China’s securities watchdog will adopt multiple measures to “firmly” prevent market volatility, Chairman Yi Huiman told state TV in an interview aired Thursday, without elaborating. On the property front, Chinese regulators have asked banks to increase lending to the sector this quarter and eased a key restriction that’s held back acquisition activity.
The moves appear to be having the intended effect. The Hang Seng China Enterprises Index of stocks listed in Hong Kong rallied the most in a month on Friday, with property developers and tech shares leading the advance.
Turmoil in financial markets risks overshadowing this year’s carefully stage-managed events. The Beijing Winter Olympics — already the target of a diplomatic boycott led by the U.S. — takes place from Feb. 4-20. In the autumn, the Communist Party will announce a twice-a-decade leadership reshuffle. President Xi Jinping is widely expected to extend his rule as party chief and install allies in key positions, while Premier Li Keqiang is expected to retire. The party’s top decision makers vowed last month to ensure stability in the economy in 2022.
The Hang Seng China Enterprises gauge slumped to an almost six-year low this week, after plunging 23% last year in its worst performance since the global financial crisis. For the week, Shenzhen’s ChiNext gauge capped a 6.8% loss, the most since last February. A Bloomberg index of Chinese junk bonds is poised for its largest retreat in two months, while the yuan is heading for its biggest decline against the dollar in four months.
Threats to the economy are multiplying.
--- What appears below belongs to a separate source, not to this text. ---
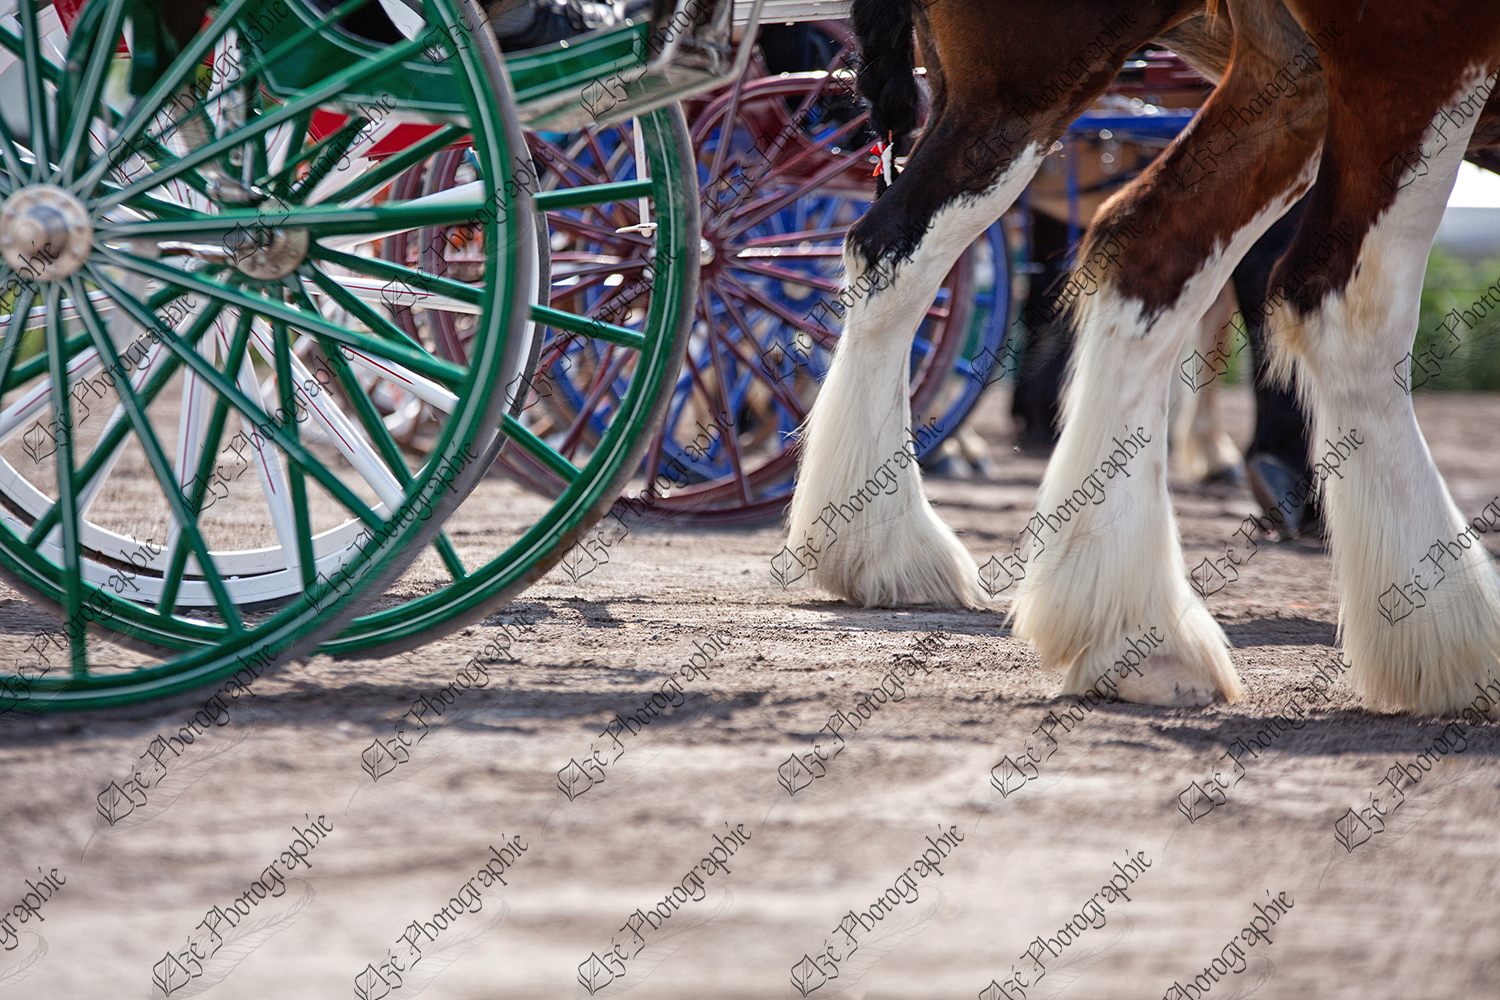 elze_photo_7409_pattes_chevaux_spectacle_horse_show_cart

China’s zero-Covid strategy means outbreaks are being met with strict containment measures that disrupt manufacturing, shipping and consumption. Surging costs may challenge China’s foreign trade. A wall of maturing debt and a surge in seasonal demand for cash in January is putting pressure on the financial system. The Federal Reserve’s faster-than-expected tightening risks reversing the flow of global capital away from China.
China’s efforts to maintain its zero-Covid policy are under strain. The city of Xi’an is enduring its 15th day of lockdown. Hundreds of thousands of workers at iPhone maker Foxconn Technology Group and Huawei Technologies Co. are being tested in the eastern metropolis of Zhengzhou, while no one is allowed to leave Shenzhen without a negative Covid test after two infections were found locally. More than two dozen Hong Kong officials have been sent to a quarantine camp due to possible exposure to the omicron strain after attending a birthday party.
While authorities are taking steps to bolster the property industry and stabilize markets, they’re unlikely to go too far with stimulus measures. Beijing won’t want to risk inflating asset prices after spending much of the last year popping speculative bubbles. The People’s Bank of China in December said it wouldn’t flood the financial system with cash, and the only state-backed rescue of a struggling developer was tough on the company.
“We do not believe in the large ‘policy bazooka’ intervention, nor direct bailouts, as likely scenarios,” Citigroup Inc. strategists including Dirk Willer wrote in a note.